If you really want to make the "but experts said this  and you reject that" argument, then

First show us a survey where there is a high consensus between AI experts on when will AGI emerge (But it has to be such a survey, where AGI has a concise definition, so that those experts have the same definition in mind when they answer the question)

Secondly, you will have to make a case for why this time the experts prediciton will come true (because there is a clear inductive counter argument to this survey argument - namely, that most of the AI experts predictions in the past have failed miserably).

Edited by zurew

Share this post


Link to post
Share on other sites
21 hours ago, erik8lrl said:

The world simulation model is exactly what OpenAI, Google, and even Tesla are working on right now. We can already see it with Sora, GPT5 will likely include Sora in its model understanding. Similar with Google Gemini going multi-modal.

WIll look forward to GPT5.

I will give one more thing that they will eventually need to solve: Right now it seems to be the case, that AI doesn't have an abstract understanding of most things (I already said this), but more specifically,  doesn't have an abstract understanding of negation or the negative. The proof for this is the fact, that in a lot of cases, when you tell it to not do something - it will still do it.  Yes in some cases it might get it right, but this is a principle problem, where you either have a real understanding of negation or you don't. 

This includes instances, where you want to create an image and say 'please don't inlcude x on the image' or if you want it to not include a specific thing in its answer. This problem seem to be a tough one , given  that you can't just show it a clear pattern what negation is just by using a dataset that has a finite set of negating things. - in fact, I would say the whole category of 'abstract understanding of things' cant be learned by purely just trying to find the right pattern between a finite set of things. - it seem to require a different approach in kind. Because, for instance, if I have a prompt of 'don't generate a mushroom on the image" - I would need to show an infinite number of instances of images that don't include a mushroom on it,  and even then the prompts full meaning wouldn't be fully captured.

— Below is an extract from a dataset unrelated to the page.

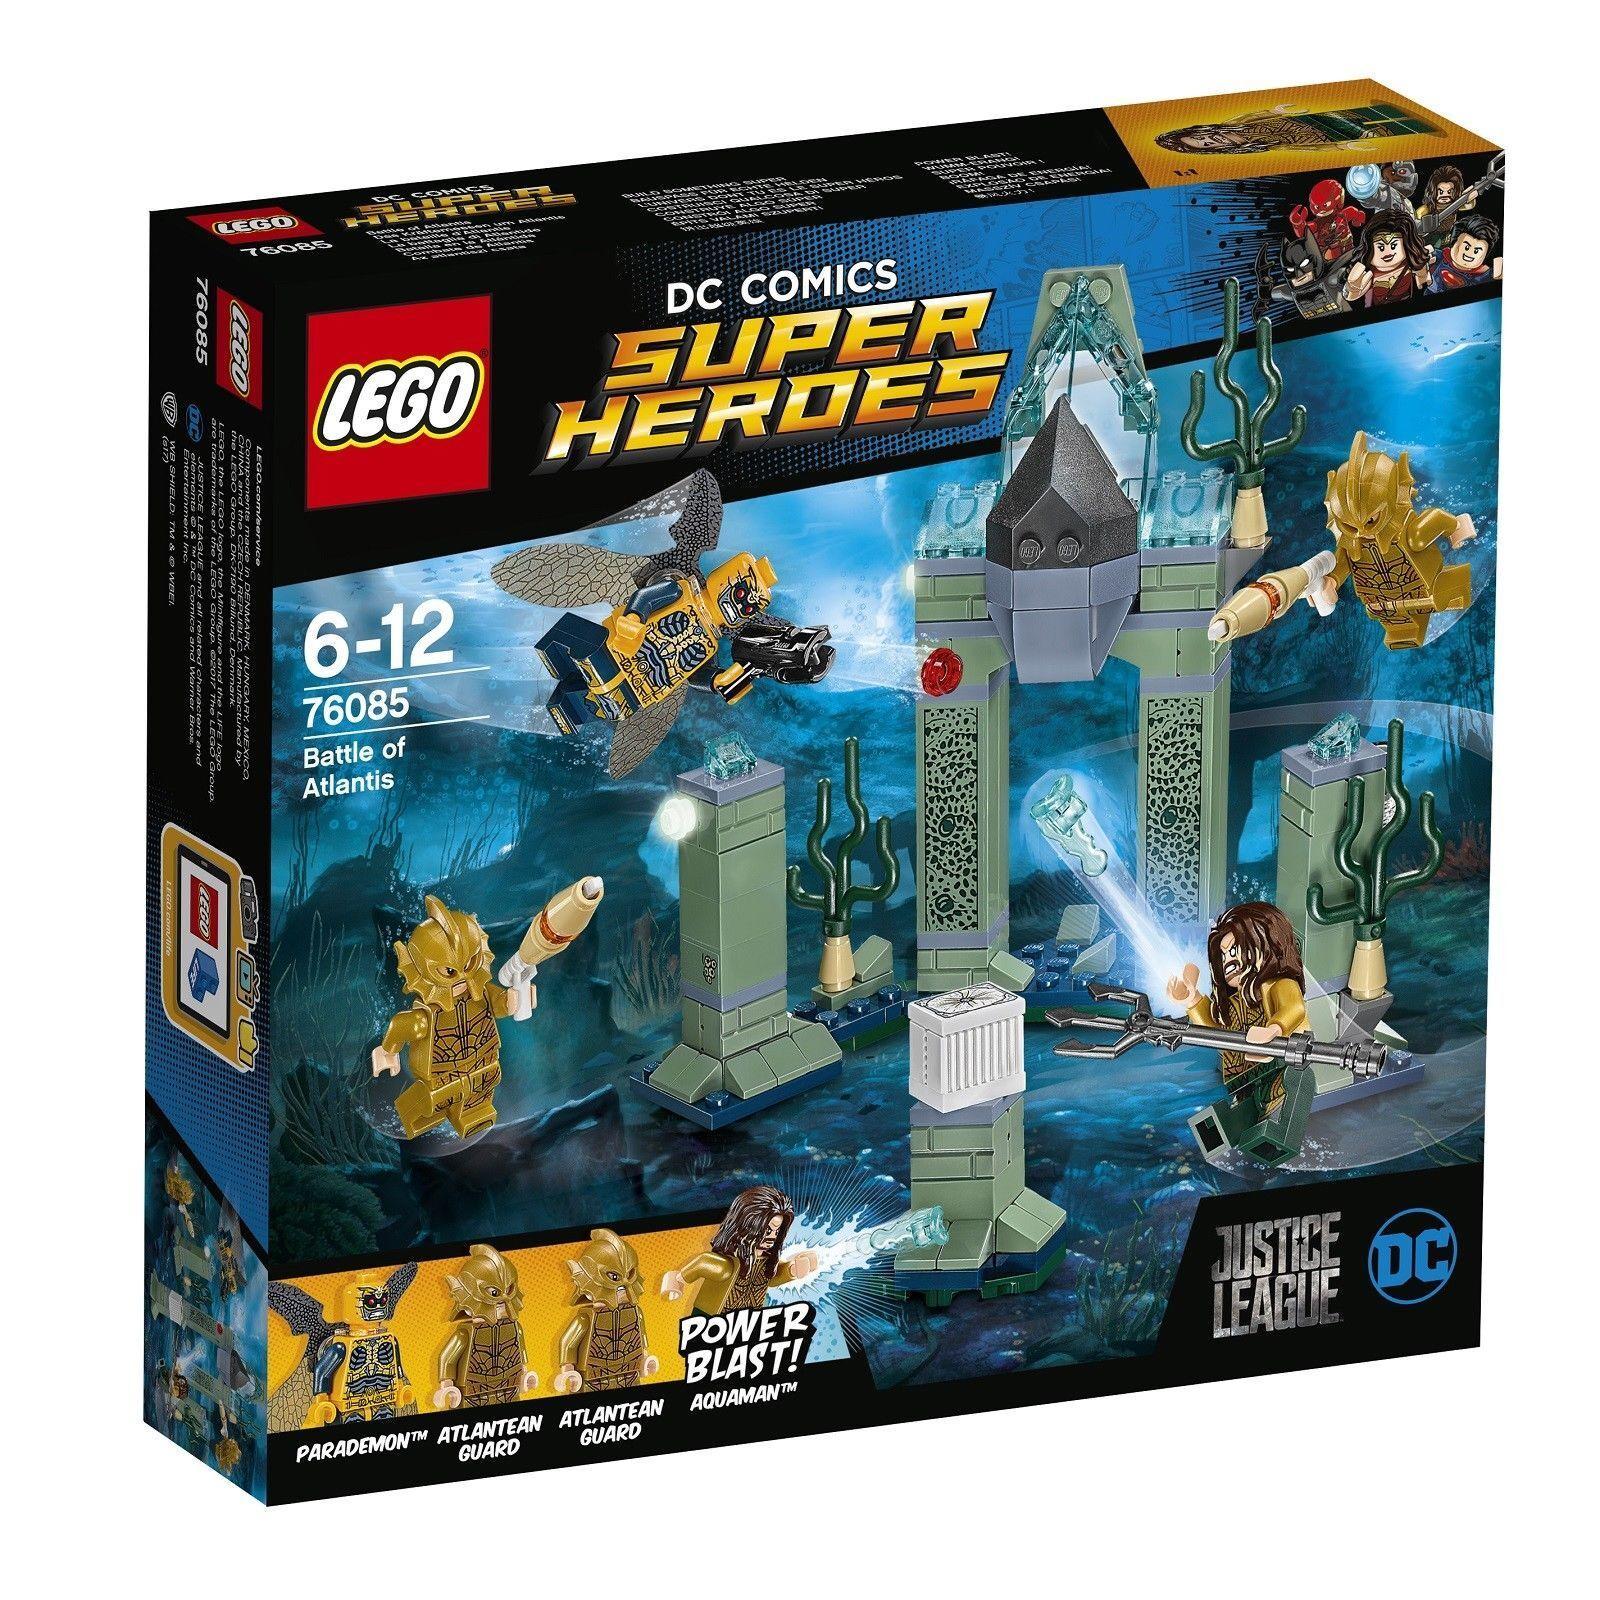 LEGO DC Comics Super Heroes Battle of Atlantis 2017 (set 76085) Brand new

I will grant though, that AI won't necessarily need to have a real abstract understanding of things to do a lot of tasks, but still; eventually - to make it as reliable as possible, some solution will need to be proposed to this problem.

Edited by zurew

Share this post


Link to post
Share on other sites
4 hours ago, zurew said:

I will give one more thing that they will eventually need to solve: Right now it seems to be the case, that AI doesn't have an abstract understanding of most things (I already said this), but more specifically,  doesn't have an abstract understanding of negation or the negative. The proof for this is the fact, that in a lot of cases, when you tell it to not do something - it will still do it.  Yes in some cases it might get it right, but this is a principle problem, where you either have a real understanding of negation or you don't.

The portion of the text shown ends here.